Pumpkin Leaves Ingredients
3 medium red tomatoes, diced
4 handfuls of chopped pumpkin leaves
1 cup groundnut powder
2 cups vegetable broth or water
Pumpkin Leaves Directions
Add all ingredients to a large pot, cover and simmer 15 minutes. Serve over nsima, directions are below.
How to make cassava Nsima.
Traditionally Nsima is used as a side dish to soups and stews in Malawi Africa. Nsima takes about 30 minutes to make and makes anything more delicious. It pairs well with anything from sautéed vegetables to slow-cooked stews. Nsima needs to be stirred and stirred a lot for a smooth consistency. Nsima is very easy and quick to make, just remember to gradually pour and stir at the same time so it does not get any lumps. When you are making your African food recipe of Nsima, cook it for the correct amount of time, so you do not have a lingering gritty taste. Nsima should be thick enough to pick up with your hands and use in the place of a fork or spoon.

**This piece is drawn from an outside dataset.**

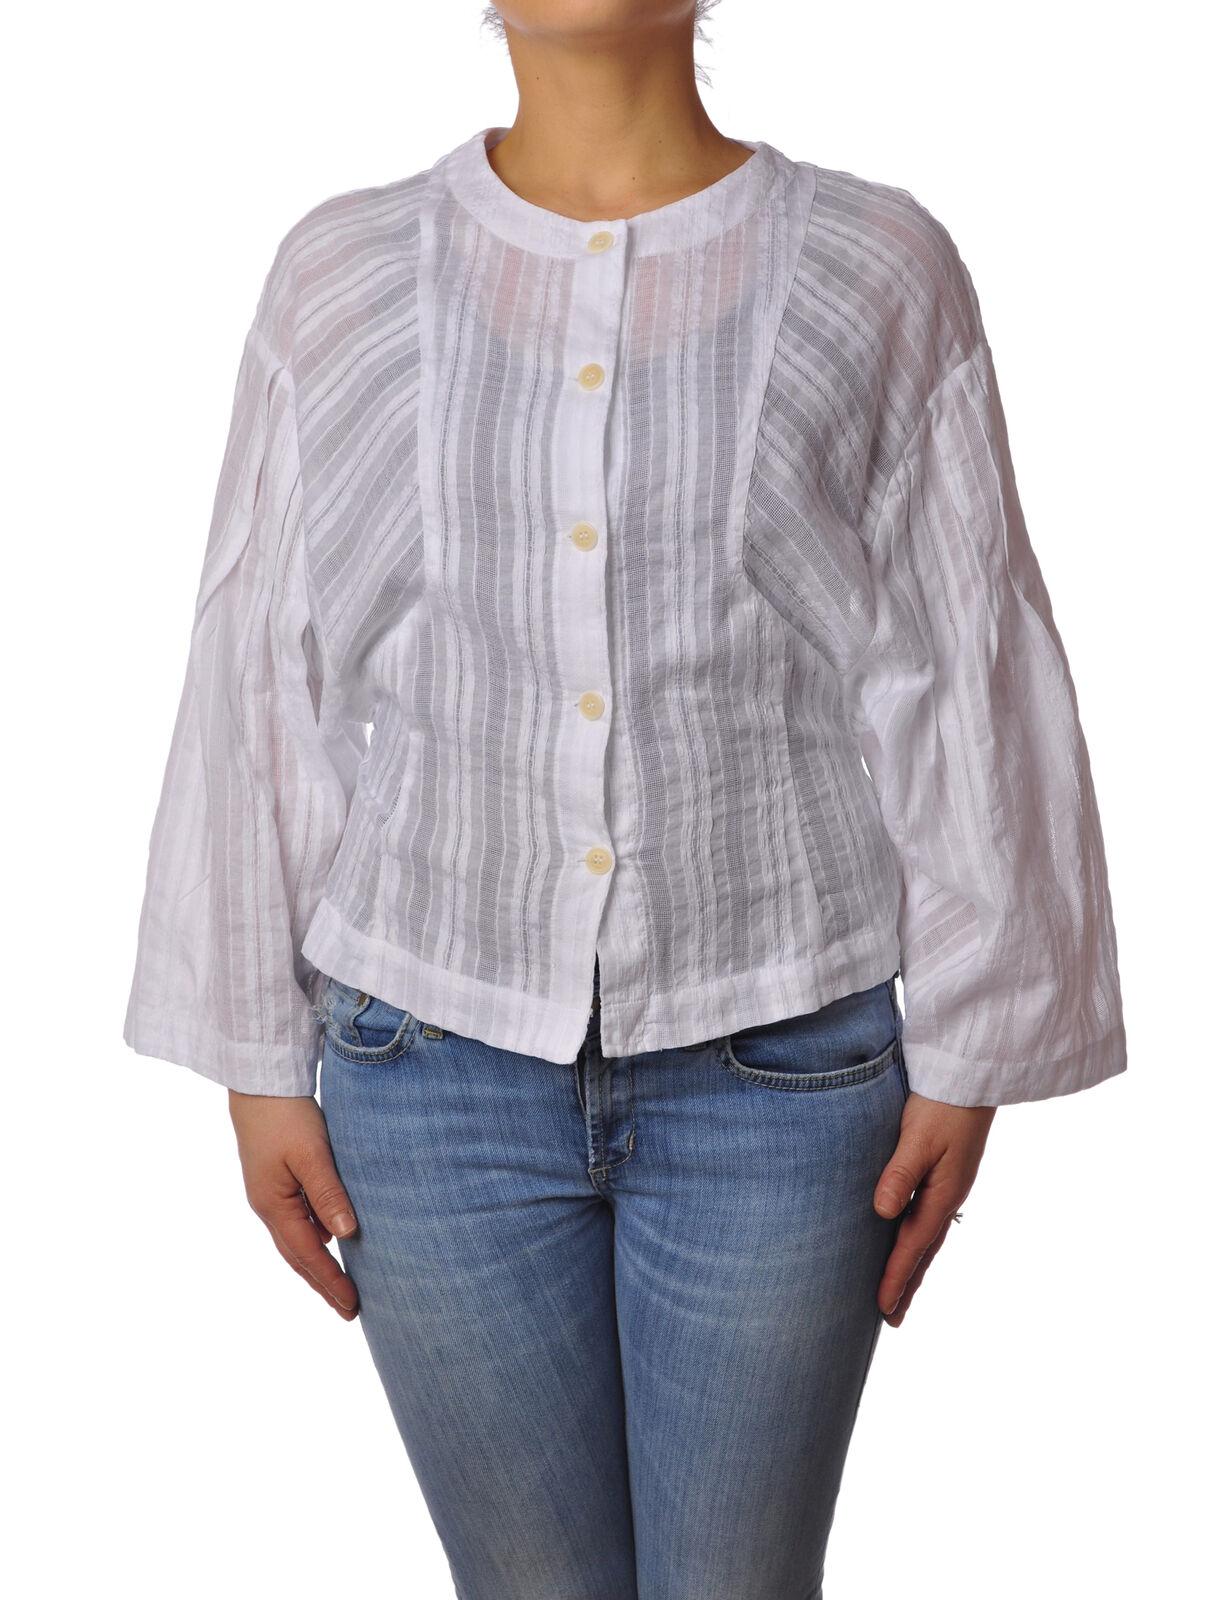 Garage Nouveau - Shirts-Shirts - Woman - White - 4976027B183859
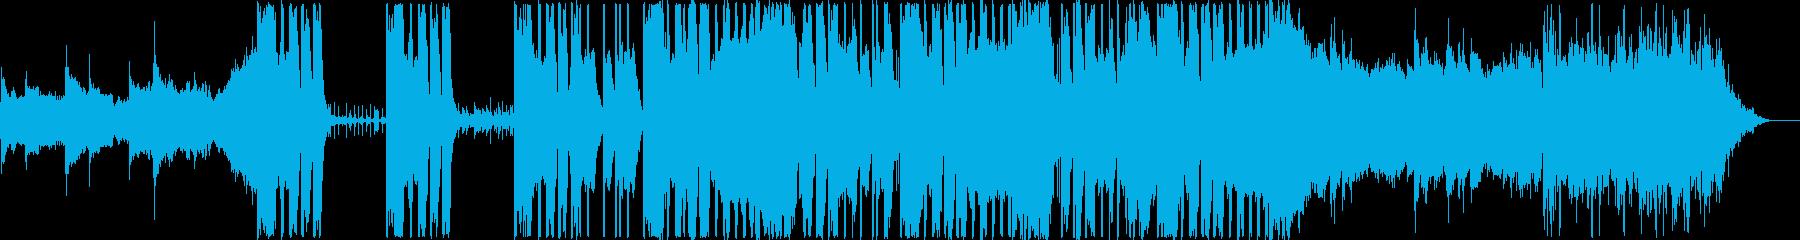 シンプルでスタイリッシュなBGMの再生済みの波形

|Peeled cassava for drying and cooking|
1/2 cup cassava flour
1 teaspoon salt or to taste
3 cups water
Add water in a large pot, add garlic and salt. In a large bowl mix meal and flour together well and add to water. On high heat bring mixture to a boil stirring constantly until thick paste forms. Remove from pot and allow to cool slightly before serving. Mealie meal is eaten by out pulling small pieces and squeezing it lightly to form the dough to scoop to pick up chicken and sauce. Use mealie meal in place of your fork and spoon.
How to naturally make dried cassava and vegetables
Vegetables and fruits can be processed and preserved by drying. Drying preserves food because the microorganisms that spoil food need water to grow. Drying also concentrates food's nutrients and preserves them for times when fresh food is not available. Improved technologies, such as solar dryers, retain higher quantities of vitamins in food than can be retained using the traditional method of sun drying.
Surpluses of different home garden vegetables and fruits like green leafy vegetables, pumpkins, tomatoes, peppers, okra, onions, sweet potatoes, cassava, papayas, mangoes, and bananas can be dried easily when these vegetables and fruits are in season. Sweet fruits such as mangoes, bananas and papayas do not need to be dried as thoroughly as vegetables because their high sugar content acts as a preservative.
Dried leaves can be added directly to soups and stews as required. Dried cowpea leaves can be fried, as well as boiled. These are especially tasty and nutritious when they are fried in oil like red palm oil, crumbled and then sprinkled over maize porridge, sadza or nshima as a relish.
Dried fruits and vegetables, such as cassava, sweet potato or banana chips, or slices of mango, pineapple, and papaya make excellent snack foods for children. They are delicious, sweet and contain a lot of energy.
Sun Drying Vegetables
Although the most widely used method of drying foods in Africa is sun drying, sunlight destroys vitamin A. High temperatures destroy vitamins A and C, as well as some other vitamins. As a consequence, it is better to dry food in the shade.
Shade Drying Vegetables
Shade drying requires full air circulation. It should not be undertaken inside conventional buildings but in an open-sided shed purposely built for shade drying. Most foods to be dried are sliced like peppers, okra, onions, tomatoes, eggplants, yams, sweet potatoes, and carrots, as sliced food generally dries faster. The slices should be only about 1 cm thick so that they dry thoroughly and quickly.
The food should be placed on mats or trays and well off the ground in order to avoid contamination from dust or soil. Turn over the slices daily to ensure that the food dries quickly. To store well, the slices should be quite dry. Because of their higher sugar content, this acts as a preservative, dry fruits only until they are leathery.
Leafy vegetables, such as amaranth, are dried whole because they are thin. Small okra may also be dried whole. Chili peppers, onions, and garlic are often left whole and hung in strands for drying and later storage. Shade drying takes a little longer than sun drying, but it prevents the loss of a food's natural color and better preserves its vitamins and minerals.